Information supplied:
________________________

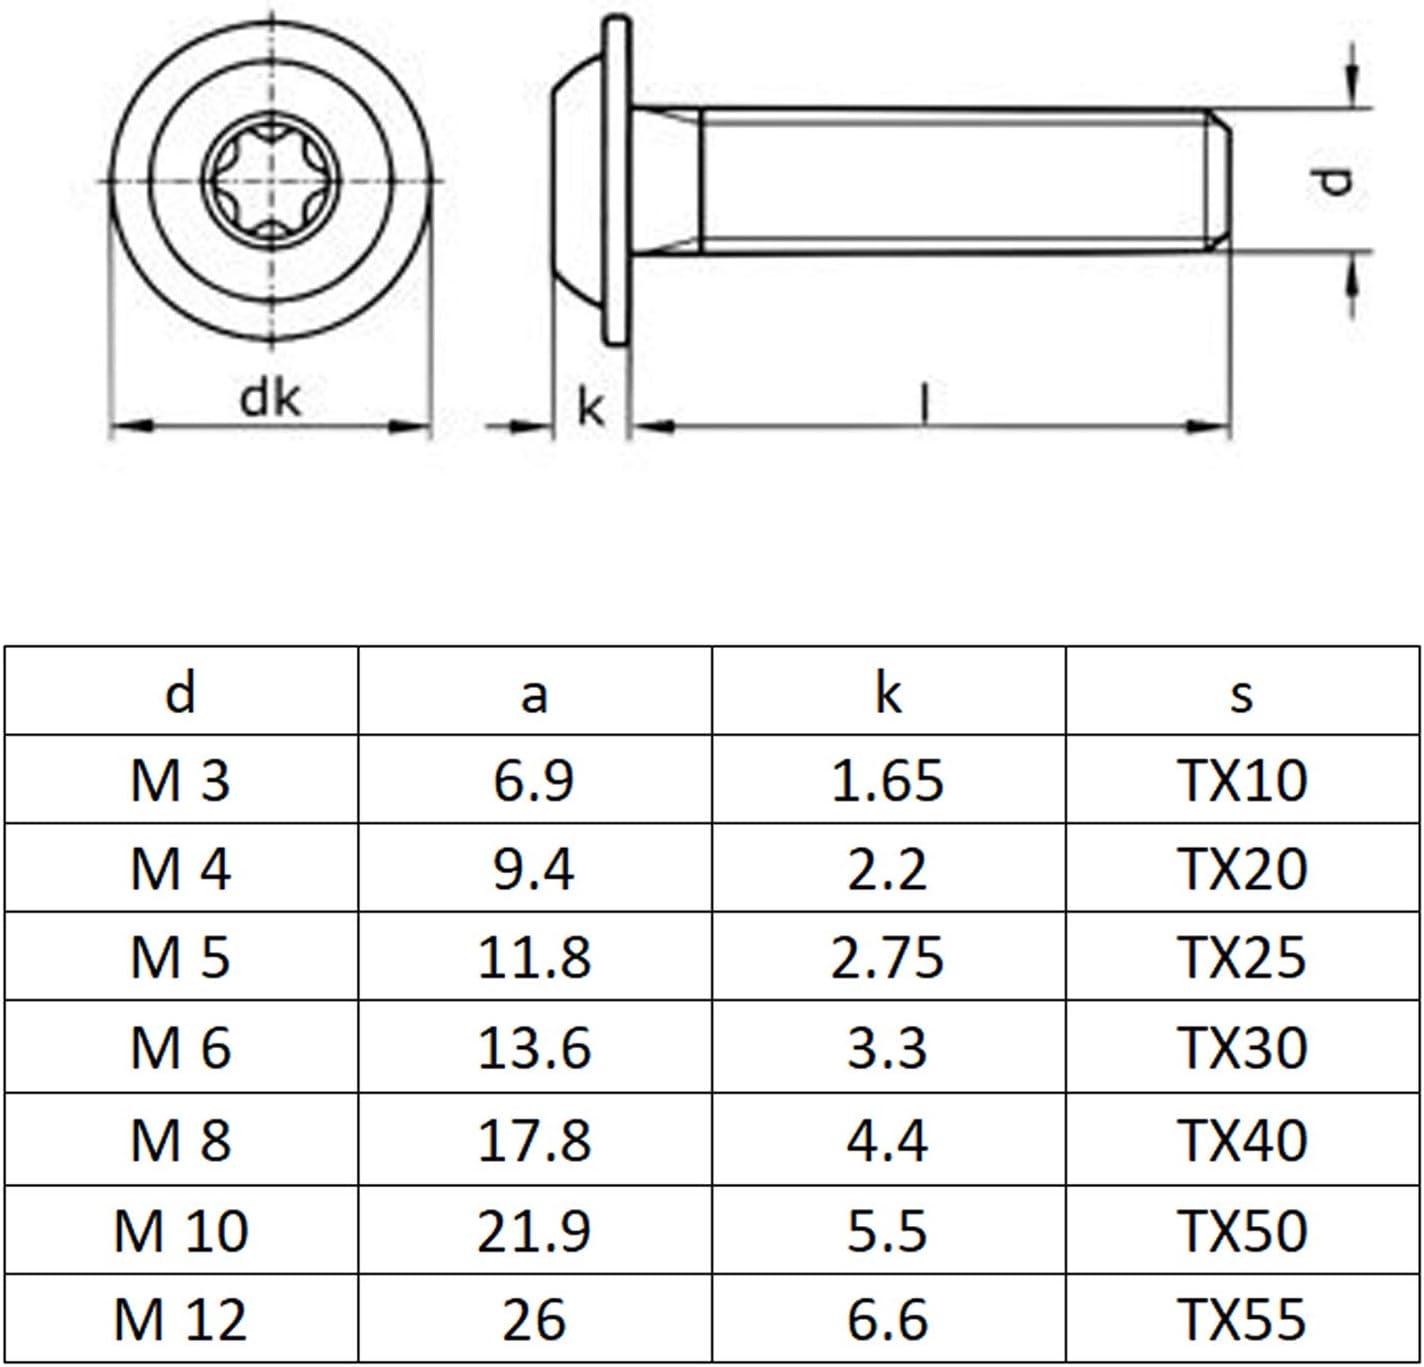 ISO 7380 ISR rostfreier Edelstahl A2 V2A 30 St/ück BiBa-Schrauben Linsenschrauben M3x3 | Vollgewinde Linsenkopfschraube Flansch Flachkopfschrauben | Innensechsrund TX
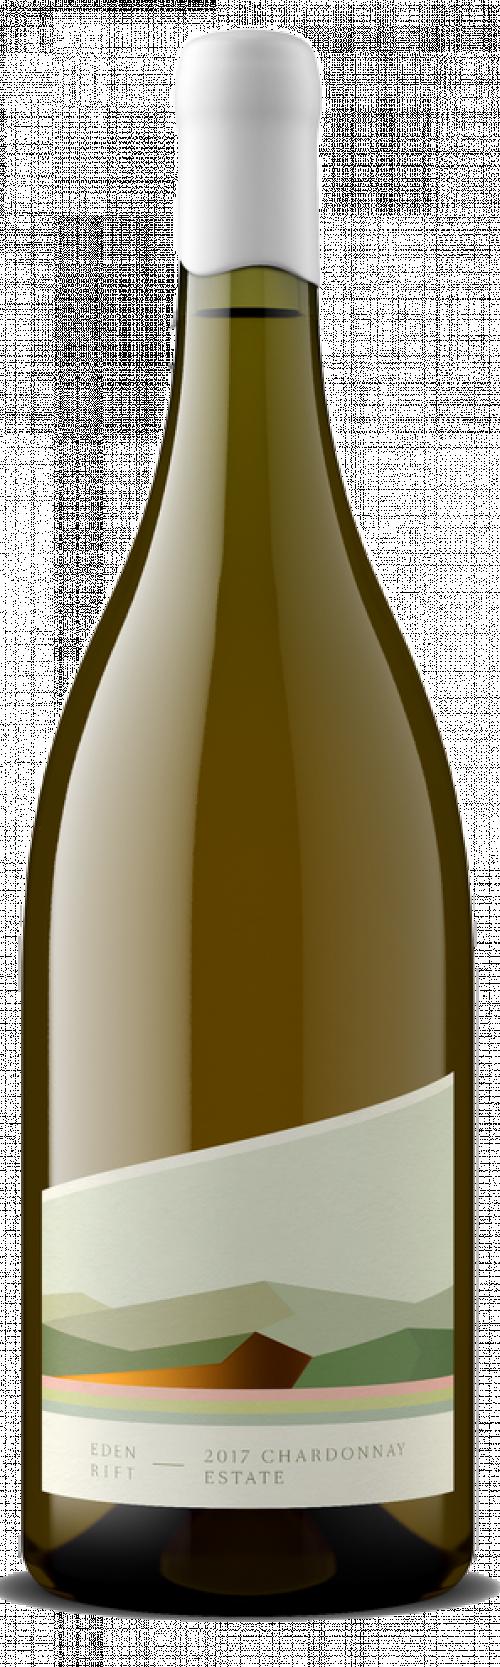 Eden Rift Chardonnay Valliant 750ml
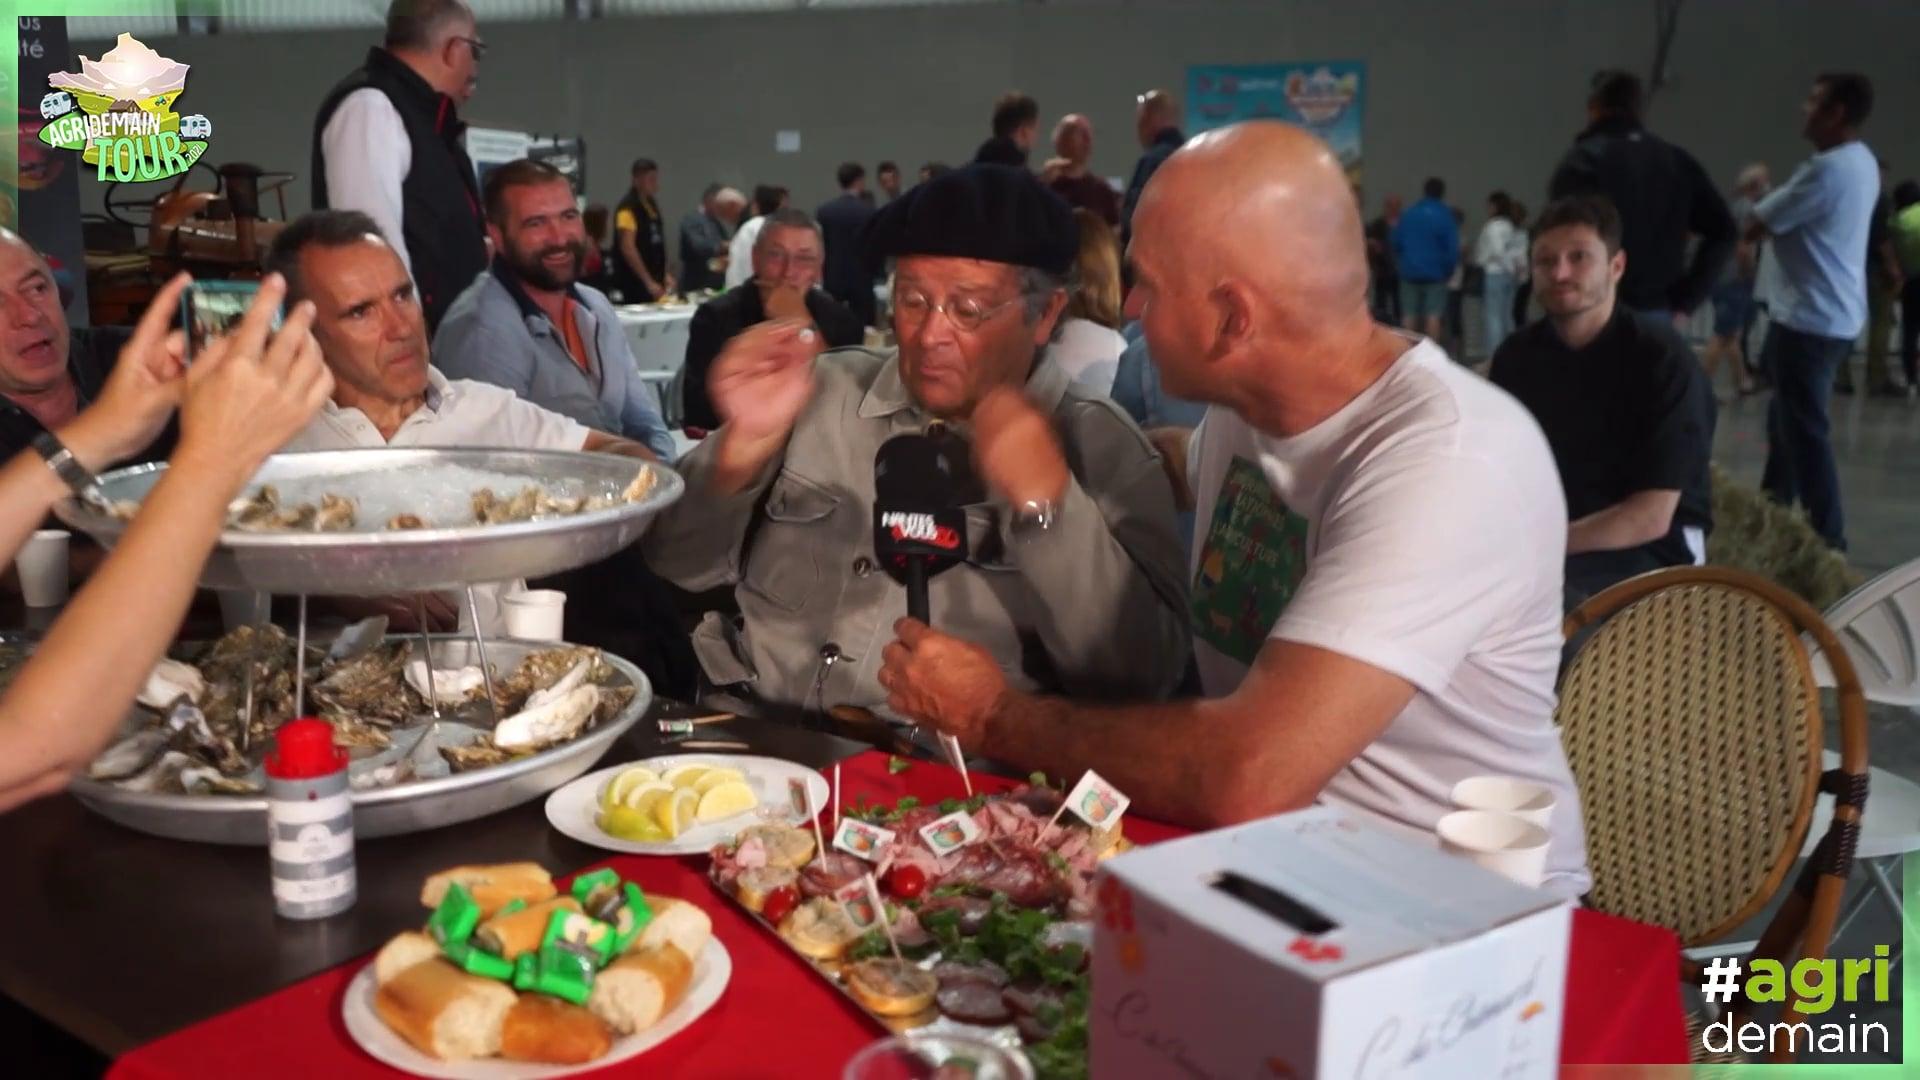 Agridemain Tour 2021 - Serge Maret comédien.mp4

________________________

What you will do: The listing above must be given again exactly, minus its pictures.

Exercise answer:
 ISO 7380 ISR rostfreier Edelstahl A2 V2A 30 St/ück BiBa-Schrauben Linsenschrauben M3x3 | Vollgewinde Linsenkopfschraube Flansch Flachkopfschrauben | Innensechsrund TX
 Eden Rift Chardonnay Valliant 750ml
 Agridemain Tour 2021 - Serge Maret comédien.mp4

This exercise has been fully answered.